(EXERCISE INSTRUCTIONS)
No pictures go into the copy. Write out exactly the lines below from the one containing "Radiesthésie-R" through the one containing "Mattel Barbie Dreamtopia Unicorn".

── THE INPUT ──

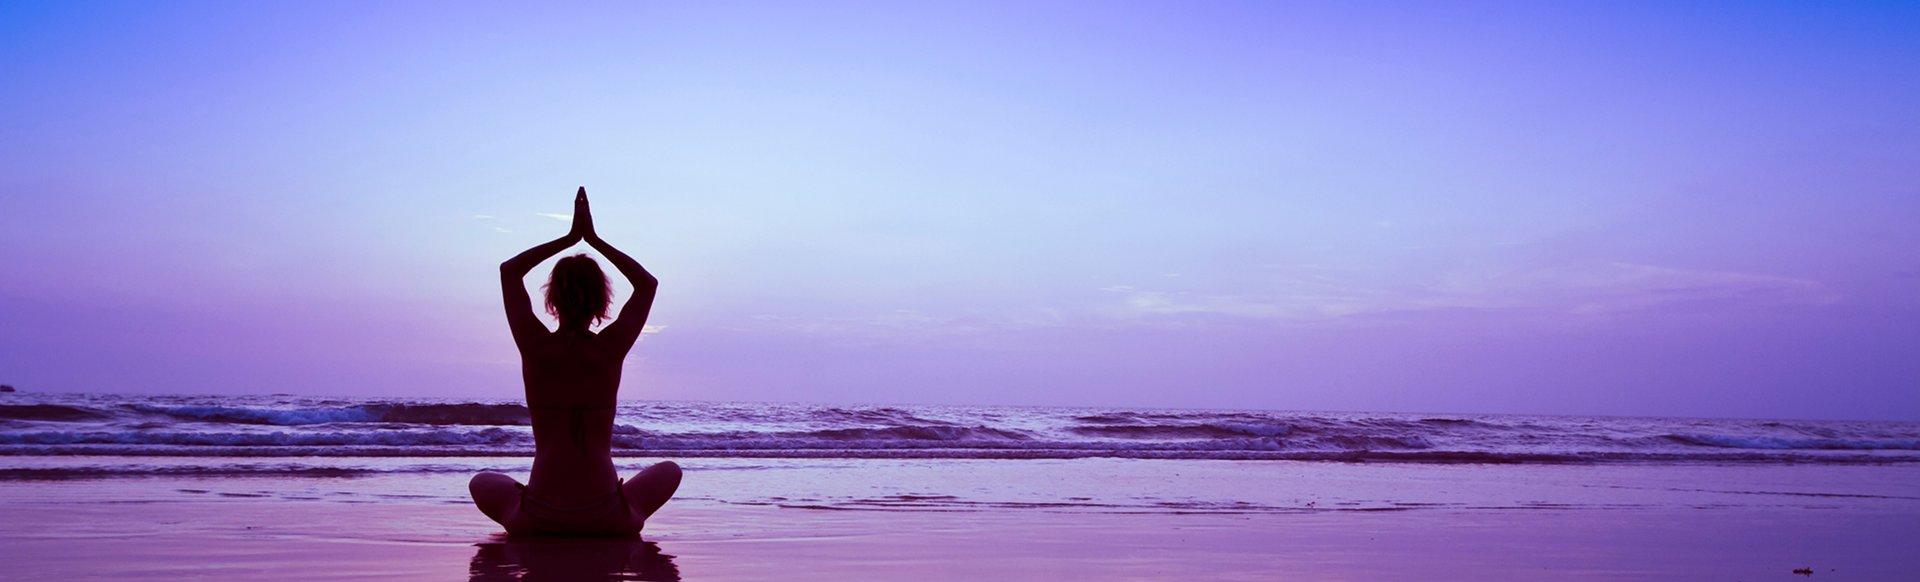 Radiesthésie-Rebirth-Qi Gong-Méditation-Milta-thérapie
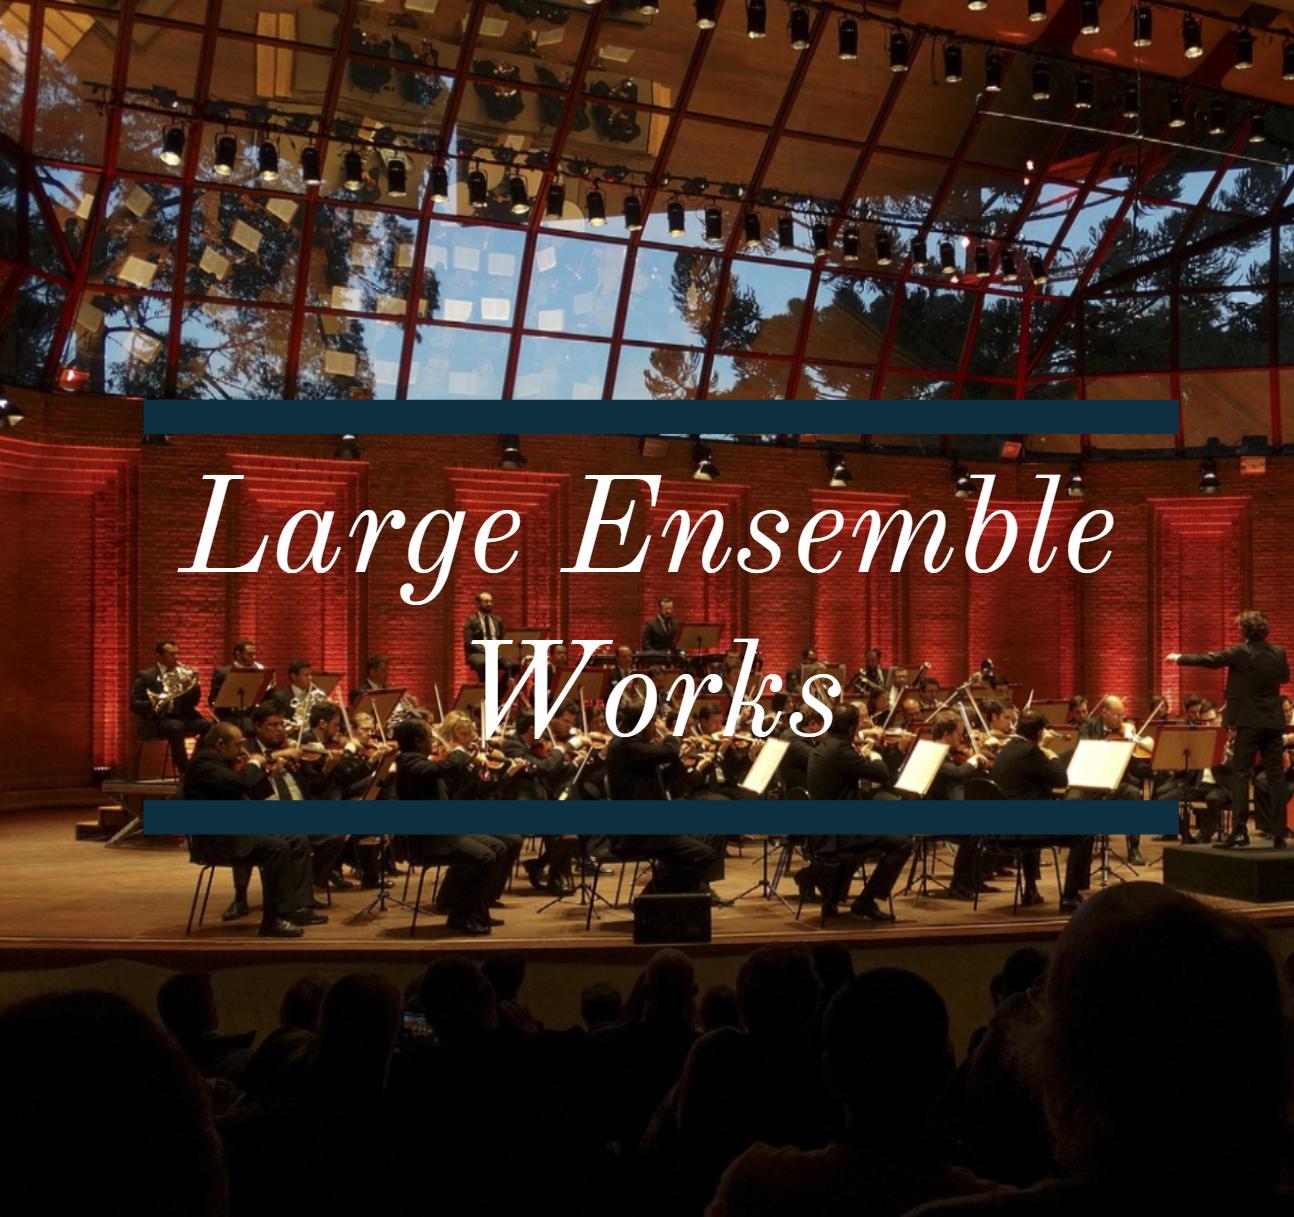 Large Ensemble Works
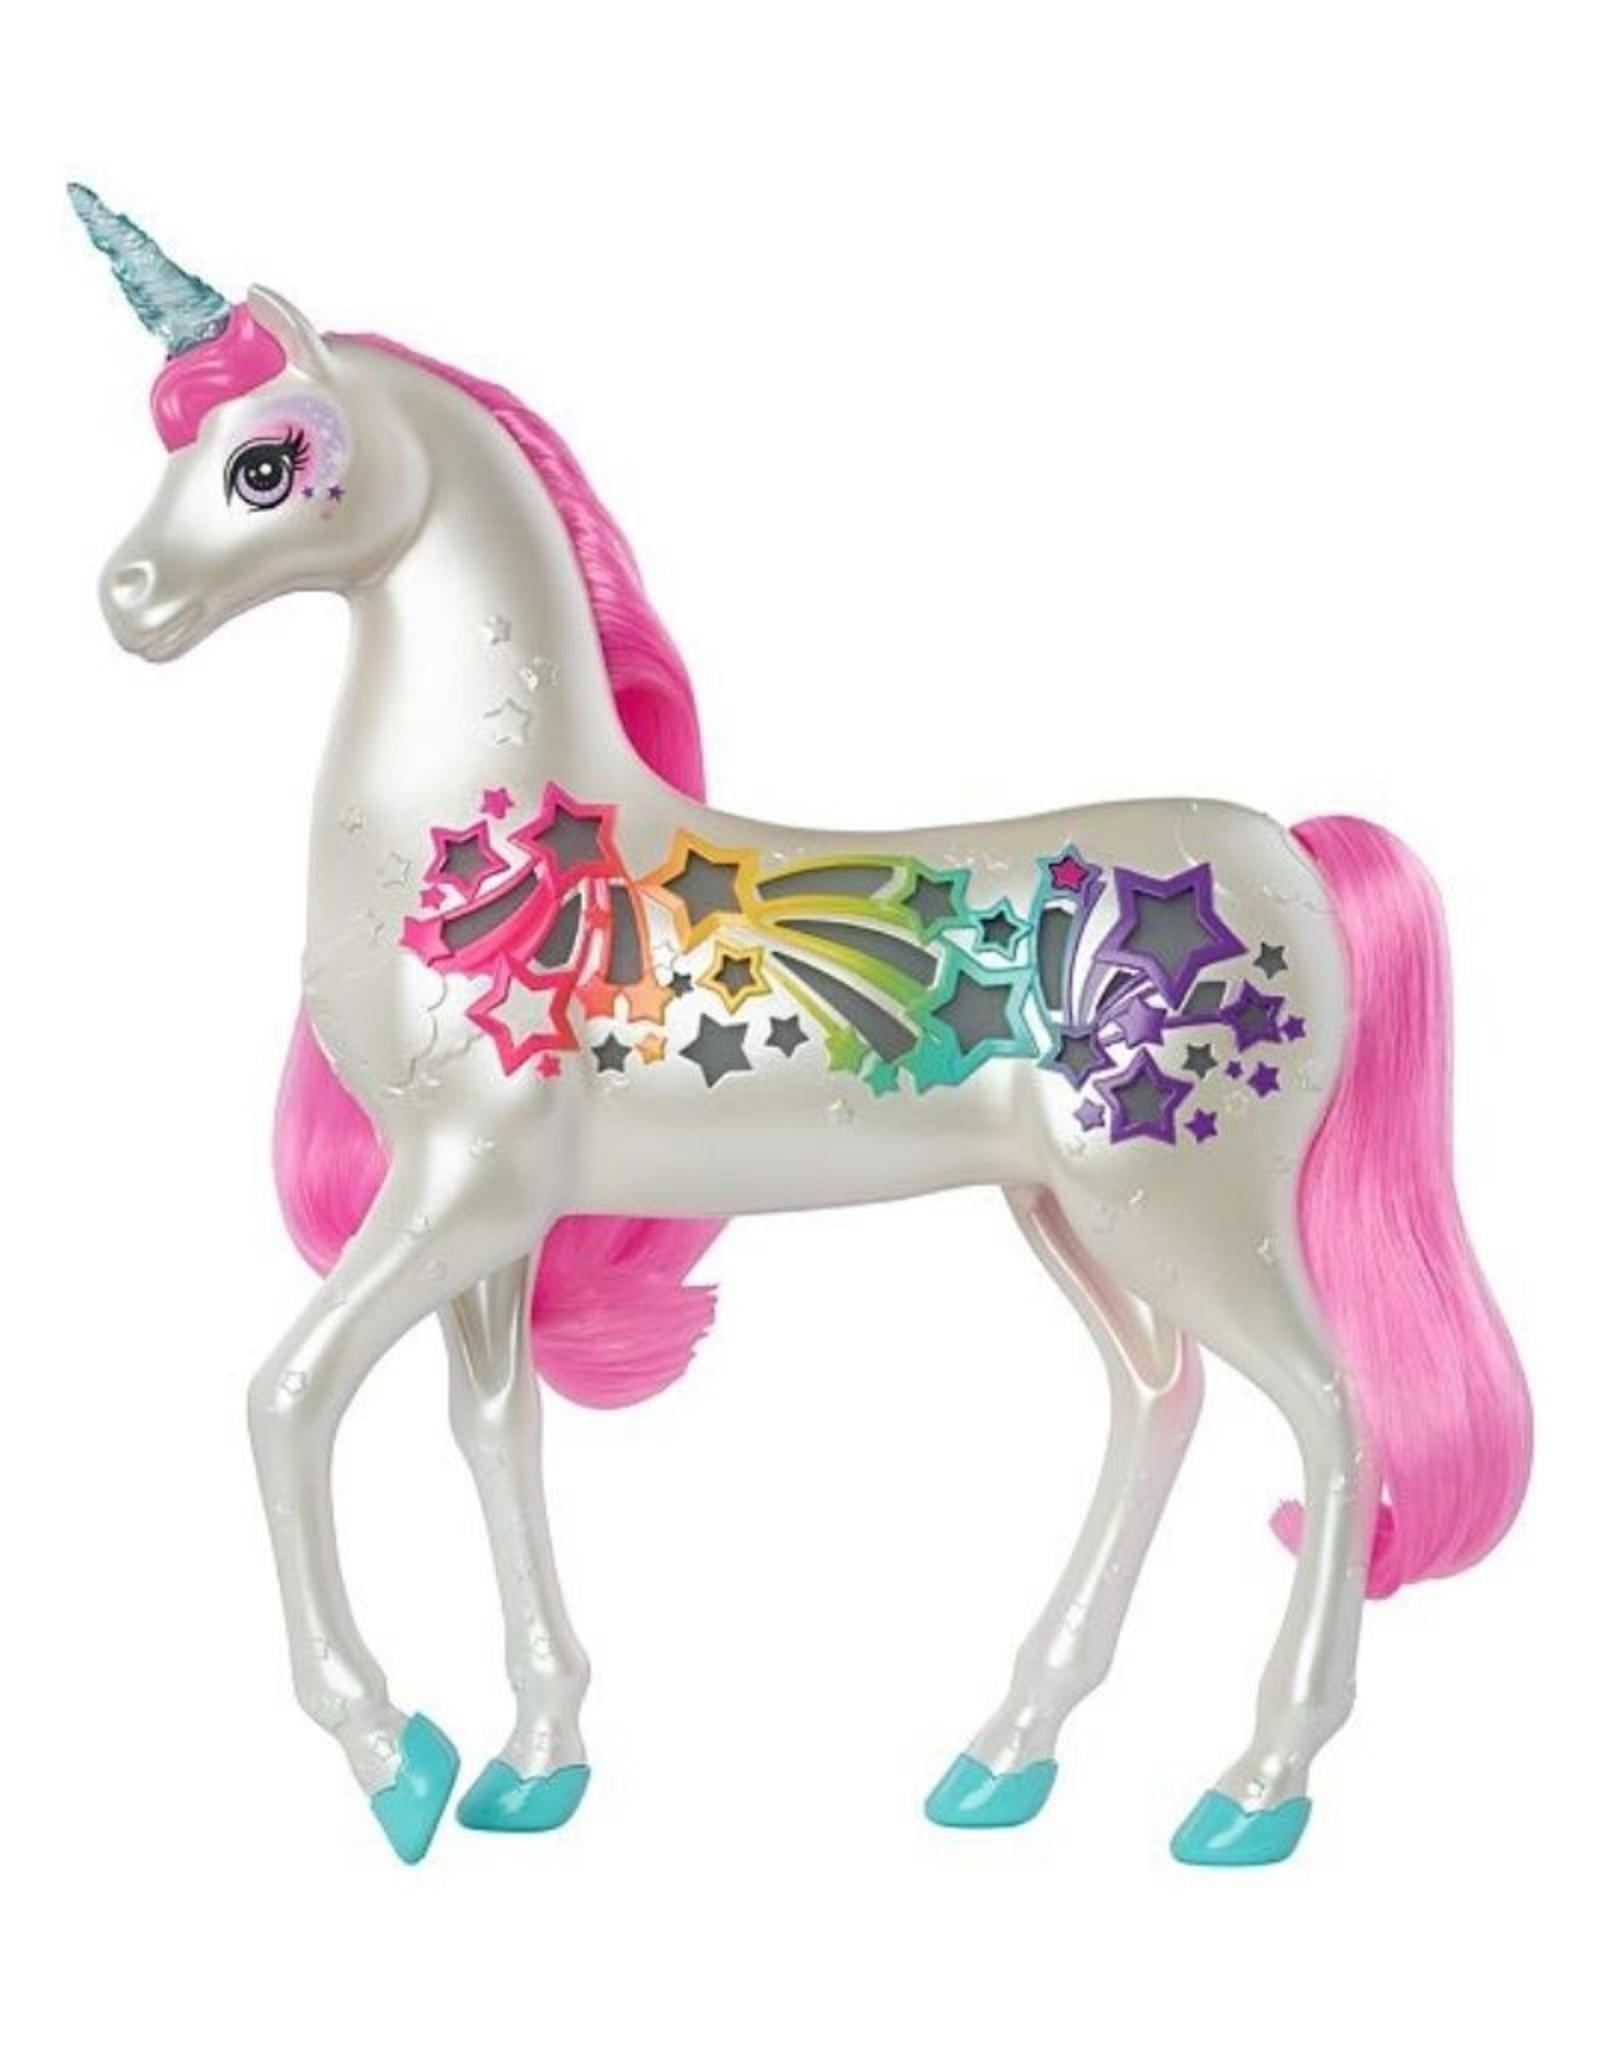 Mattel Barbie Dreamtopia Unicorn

───
── THE INPUT ──

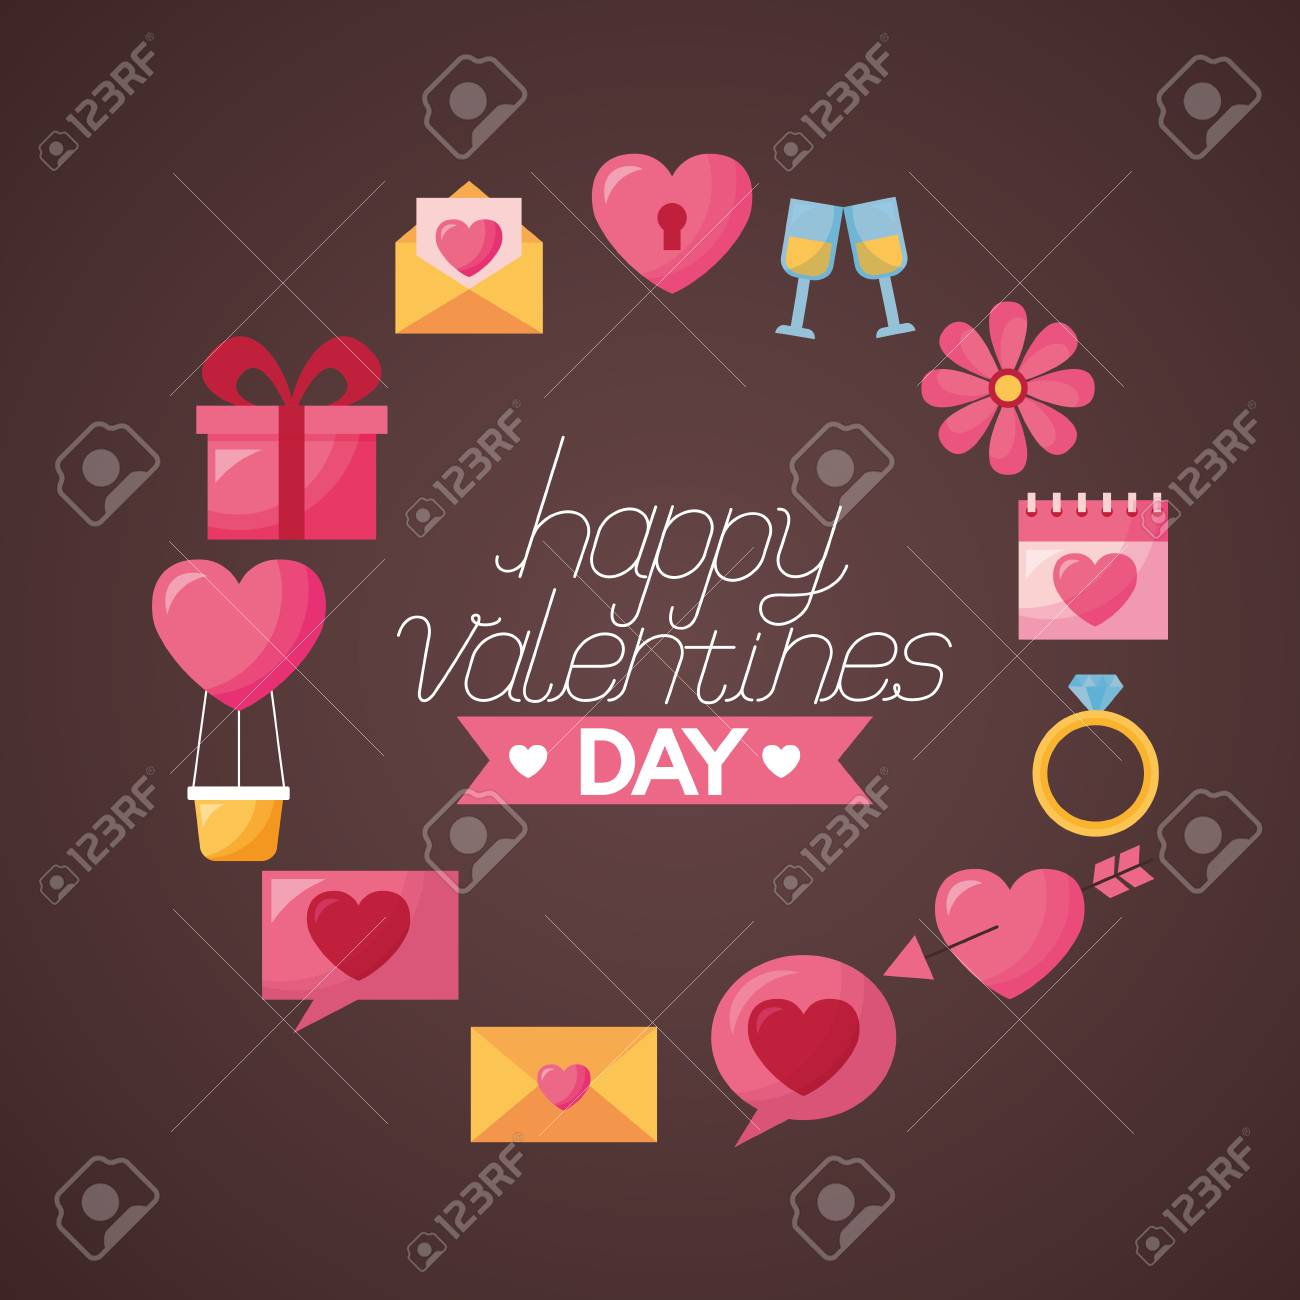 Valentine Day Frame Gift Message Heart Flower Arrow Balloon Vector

───

(OUTPUT BELOW)
 Radiesthésie-Rebirth-Qi Gong-Méditation-Milta-thérapie
 Large Ensemble Works
 Mattel Barbie Dreamtopia Unicorn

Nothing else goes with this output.